I had CPN and Psychologist today. Both were mainly talking about DBT.
So CPN first. She came round to mine this morning and we talked well, mainly about the DBT. She said I have other things I need to focus on in my life other than going back to uni. That there are other things going on and other things that can improve and make me happy. She also said it's unlikely I will be going back to uni unless things drastically change in the next few months and really the only way of doing that is through DBT. She said I could continue to see the psychologist and do some DBT work with him but then I would only be getting a quarter of the input and so the DBT would be much more beneficial. I get where she is coming from. But I am still not sure whether or not the DBT would be beneficial to me.
I braved the whole pregnancy thing with her. I asked her if coming off all my medication could have any impact on my cycle and proceeded to tell her how I have not had a period since the beginning of March. She asked if I had slept with anyone. And I said I didn't think so and told her how just before Christmas I was getting so pissed that there were big gaps in the night and I can't remember getting home. While it wasn't something I was likely to do, there was a little bit of me that was unsure. We talked a bit about it and she said it was really important that I did the test as if I was it could be likely I would need a termination because of the medication I was on while it was happening and that that would need to be sorted asap. She also said she was going to need to talk to Dr T about it as if I was having unprotected sex then there could be an issue with medication and also they wouldn't want to start me on this new medication until they knew for sure I wasn't pregnant. I told her it was not something I do and is out of character for me. But, it has happened before back when I was travelling and I had a high period. She said it was unlikely that I was as when I was in hospital it would have been likely they would have ran a pregnancy test because of how ill I was. She said they ran loads of tests so it was probably likely they would have done that also.
Anyway, she asked me to do the test today before I went to see the Psychologist so that I would have some support if I needed it. And to let him know what the results of it were so she could get the message. Yeah right. Like I am going to talk to him about that. It's bad enough that now it's going to be in my notes that I get so pissed that I don't even know if I sleep around and have one night stands.

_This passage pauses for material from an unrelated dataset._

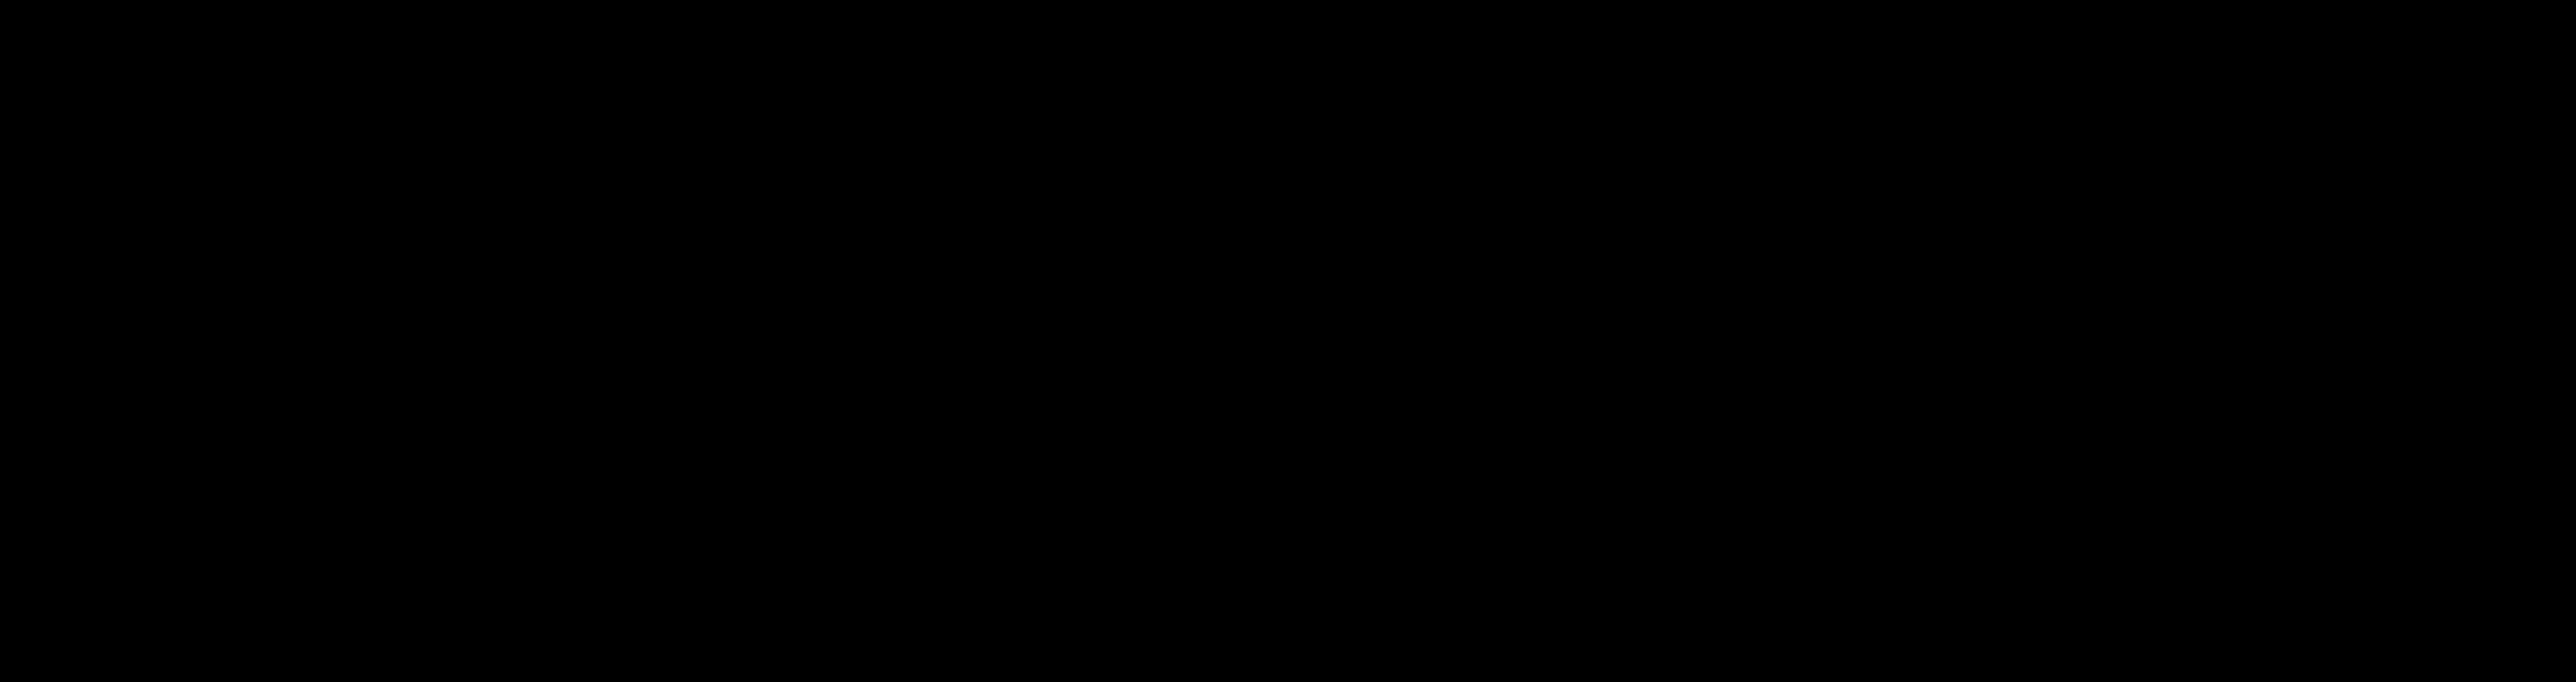 CLT010-12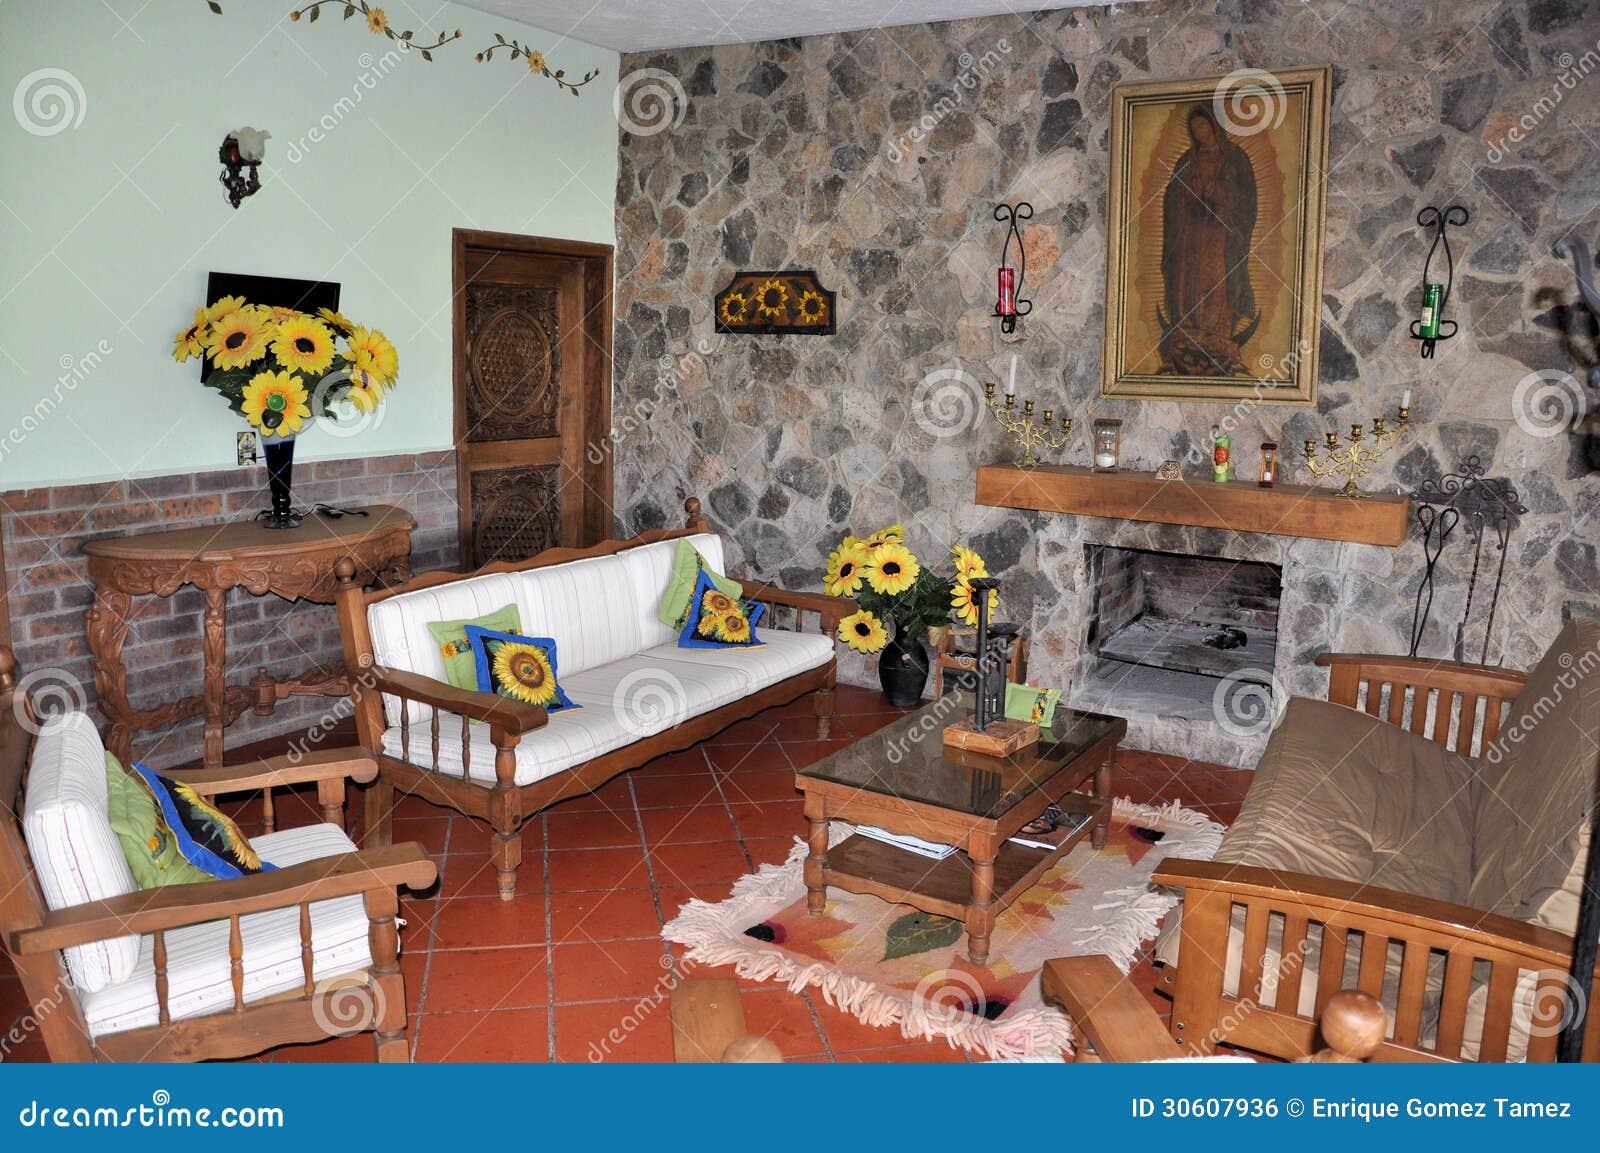 Pruzak Com Imagens De Sala De Estar Rustica Id Ias Interessantes  -> Sala De Estar Pequena E Rustica

So I did the test. Was a very nerve wracking few minutes. But the good news is I am not pregnant. It was negative. Yay. But now I am just confused. Why haven't I had a period. My symptoms of PCOS are bleeding too regularly. Not, not at all. Confusion.
So on to the Psychologist. It was a good session and we discussed quite a bit. Well I say discussed, he did a lot of the talking. I showed him what I had written a couple of years ago about the approach I want to take to my illness and whether I should be taking a medical or behaviour approach. I talked about how I would prefer to take a medical approach, give me a pill and it will go away. It takes the blame, ownership away from me. I did explain how I wrote that 2 years ago when my way of looking at things was a bit different. He said it was really good what I had done and was quite interesting.
He said I had an external locus of control in which I prefer to think that outside influences have the biggest impact on me and not what I do does. I suppose from this aspect I do. With wanting to take the medical approach. But I don't think I do in other things. There are quizzes out there so I will look in to that in more detail and post another blog with the details.
I told him about the noise coming from downstairs and how I had mentioned it to my agent and he had contacted the agent who runs it. Basically the agent who runs it has said no one lives there at the moment and is more than likely renovation works. What a load of crap. Not at 2am when there are numerous voices, loud and shouting, loud music and laughing. Not sounding like renovation to me. The psychologist asked if it could be an hallucination. I mean I am already getting them, what's one more? But this is different. It's more real. I am going to keep a log of it and if there is any more late night goings on I am going to record it on my phone and make someone else listen to it so I know for sure.
I asked him if I would be able to continue to see him should I decide to go ahead with the DBT. He said he would need to speak to the rest of the team about it as it will be a very different way of working for both of us and he is not sure if we would be able to as would be too much of a change of pace to how he is used to working with me. So that's probably a no.
Also, he said he has booked me in for the assessment. He had done that before our appointment. He must have known he was breaking me. Lol. So he gave me a questionnaire and a list of the questions they ask to take away to fill in and think about. But that is a whole other blog in itself.
I told him how the only reason I hadn't self harmed was because of a fear of having to go to the hospital as what happened was such a horrendous experience that it has made me fearful of the place. I told him about my irrational fear of having things or people near my face and how I am getting nightmares about what happened. He said I had done really well going to the dentist yesterday and is usually something I wouldn't face up to.
That's about it really.
A couple more posts lined up but my dinner is about roasted so I will leave it there for now.